I was fifteen minutes into my 3-hour drive when PJ called and informed me that I’d forgotten all my food in the refrigerator. I’d loaded my cooler with a few beers and water bottles, along with ice, but I’d spaced out on my lunch and supper fixings. Maybe old age was setting in. Or perhaps it was the usual restless night’s sleep I usually have when anticipating a long drive followed by a longer day of fishing. There are worse things than forgetting the vittles and I knew of a big grocery store in the town close to the river so rather than turning back for home I decided to go on and grab a couple of sandwiches on the way.
For a Friday morning the roads were peacefully vacant of traffic, which I appreciated as I wound my way southwest. My route twists and turns through a network of two-lane county roads that seem to lead to nowhere. Little towns passed quickly, the gas stations still closed in the early hour. Even passing through the Cuyuna Range -- a retired iron mining community now a mountain-biking mecca of northern Minnesota-- was void of the usual rack-mounted bikes and kayaks.
It wasn’t yet eight in the morning when I pulled into the market in a town that seems like a too big of a city in a place it shouldn’t be. But after the quick supply stop and a drive through town among lanes of vehicles in a hurry to be somewhere else, I finally escaped the busy-ness and was on the final leg to the river.
Tony had already launched his boat and arrived minutes behind me at the downstream take-out. Looking at the river easing its way downstream from the grassy parking lot felt otherworldly from the pavement left behind. It was a good place to be. After welcome greetings and an uncommon efficiency, we were soon back to our starting point and on the water.
The river was low, slow, and dirty -- the color of my maple dining room chairs. We couldn’t see bottom in water much over a foot deep. I’d fished this stretch before, and in an effort to prepare Tony I mentioned the first part of the float can be kind of slow fishing. With Tony on the oars, I started casting my deer-hair Dahlberg and hooked and landed the first smallmouth of the day barely a hundred feet from the boat launch! Tony dropped oars to stand and cast and we boated two nice bass in sight of the dock. Tony’s dog, Chester the pointer was along and appeared impressed. The largest bass of the day attacked my fly just past the first bend and Tony mentioned this could make someone’s day, that we could row back to the truck and be satisfied. Of course, we didn’t do that. But I had to eat my words about a slow start.
Despite low water the color of light chocolate, the fishing was fine. So was the catching, with good-sized smallmouth bass hitting with regularity. And the takes came in a variety of ways. Everyone loves the explosive, splashing topwater strikes bass are known for, and we enjoyed plenty of those. I had one hit at the end of my best cast that I first thought was a pike, as the bass porpoised out of the water next to my fly and came down on it from above.

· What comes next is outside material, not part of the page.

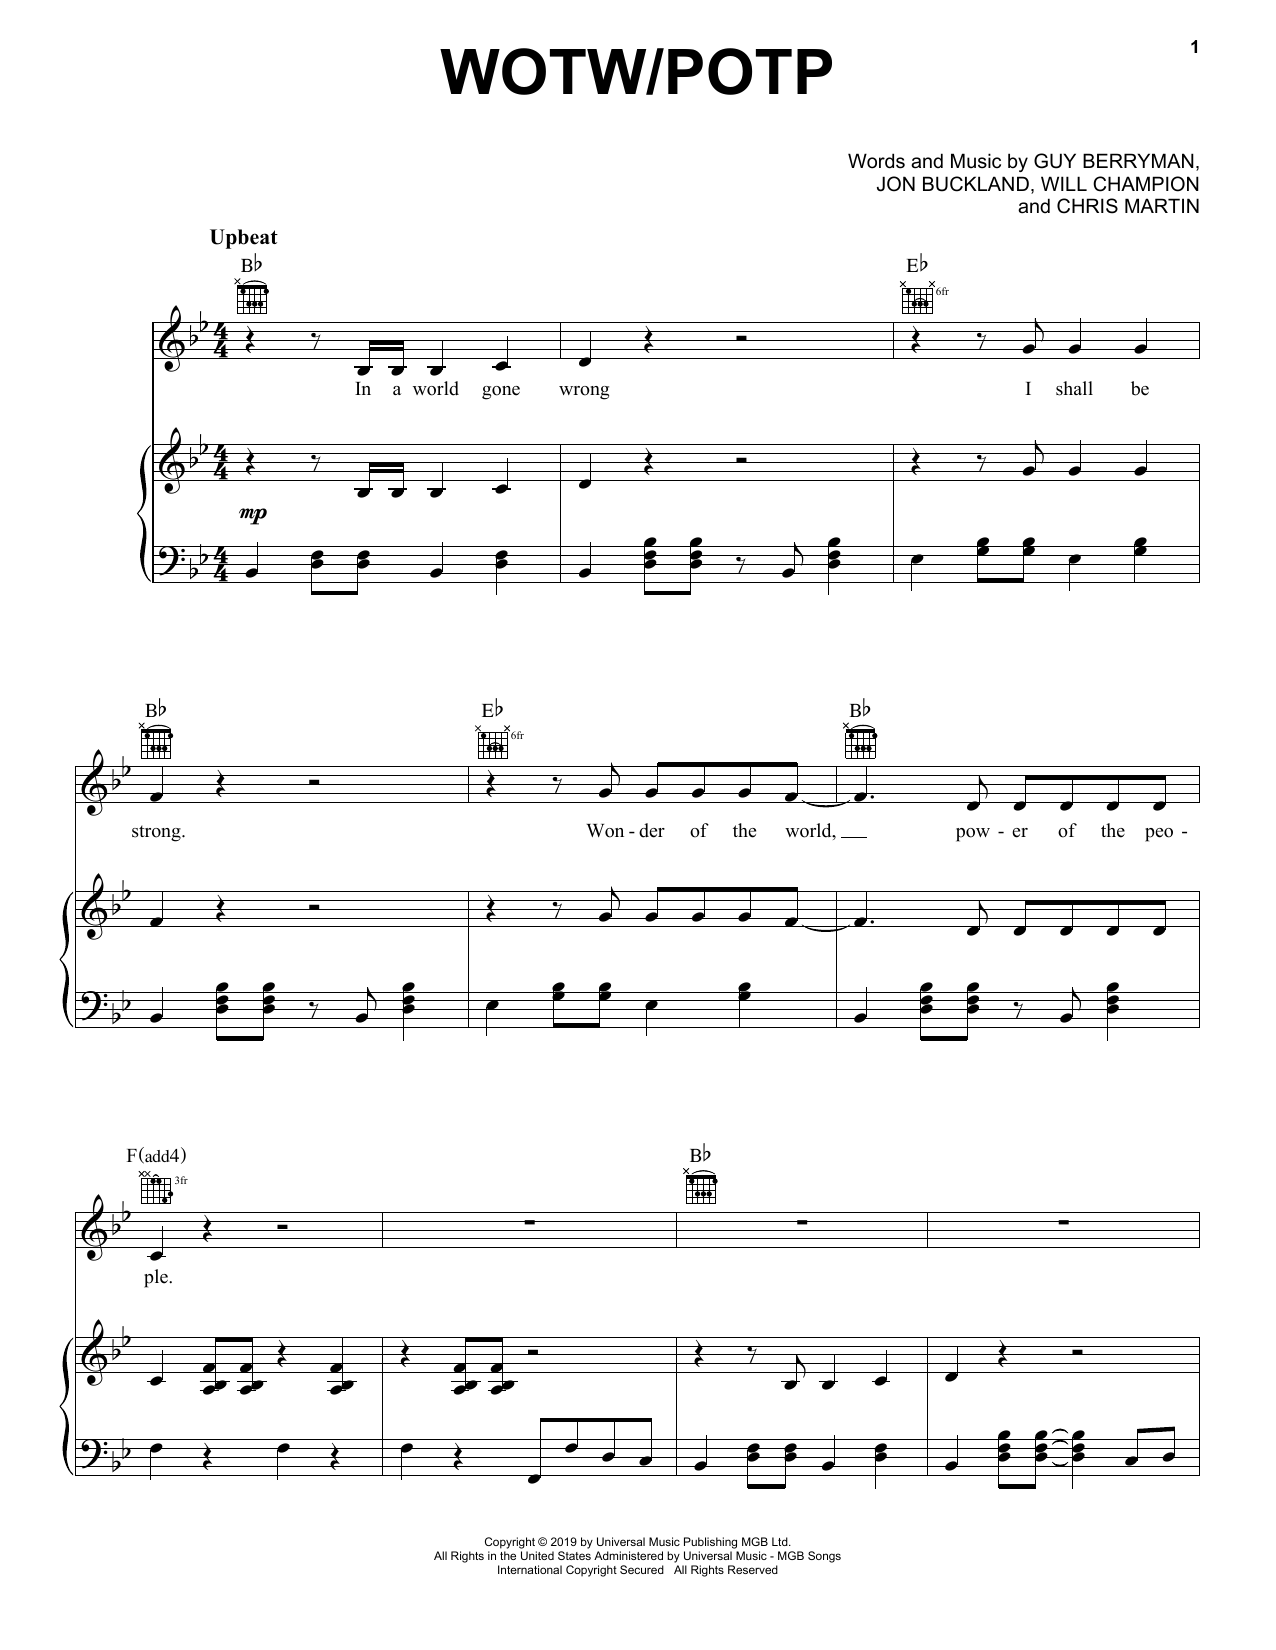 Download Coldplay WOTW / POTP Sheet Music

And there were the subtle, less aggressive takes from below, sort of like a trout sipping a dry fly off the surface but more workmanlike -- not so much a sip as a slurp, the way a man might slurp at a newly opened can of beer that’s foaming out the pop-top.
The low flowage exposed before hidden sandbars and rocks, offering a different view of the river, and different targets to cast to. I was taken by the sight of groups of large snapping turtles sunning at the edge of the sand, only to run as only turtles can, into the river at our approach. It would remind you of crocodiles entering a water hole in Africa. Much of the river feels that wild.

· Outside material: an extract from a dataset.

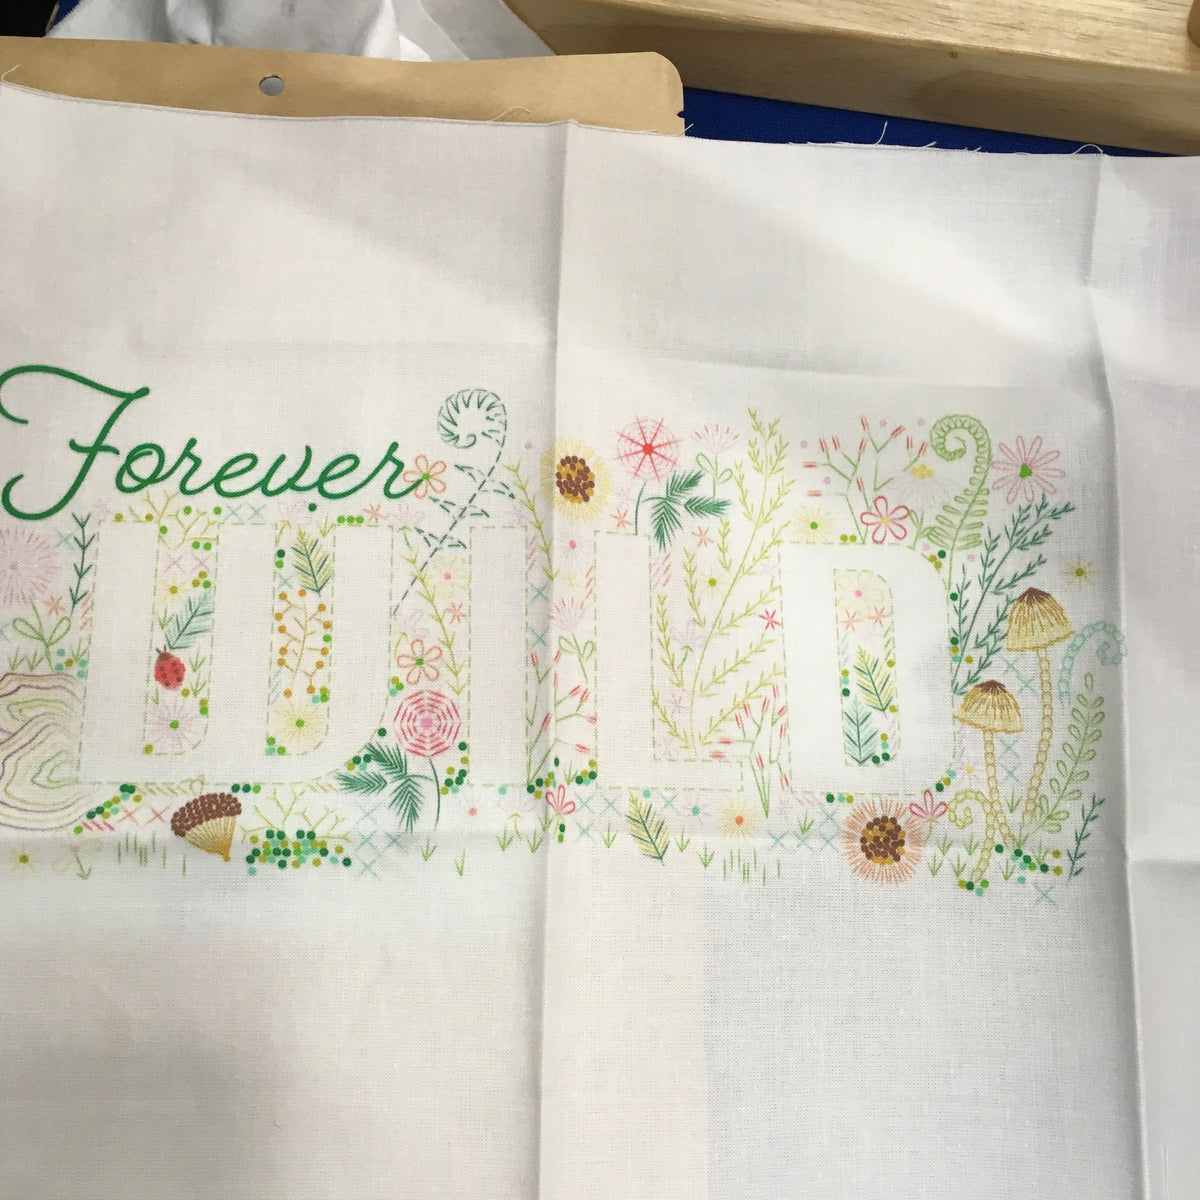 Stash Buster! Forever Wild Embroidery Kit

We were close to two miles from the take-out when Tony lowered his new electric trolling motor into the water for a pleasant ride out. On the river for ten hours, we were both tired, hungry, and satisfied. The final sight of a momma bear with three cubs was icing on the cake.
The bar/grill filled us with supper, then back to camp. I don’t think we could have stayed awake for a second beer, so I crawled into my tent and tony climbed into his trucktop penthouse.
In the morning we filled up with coffee and more stories before packing up and heading home. Livin’ large and happy for it!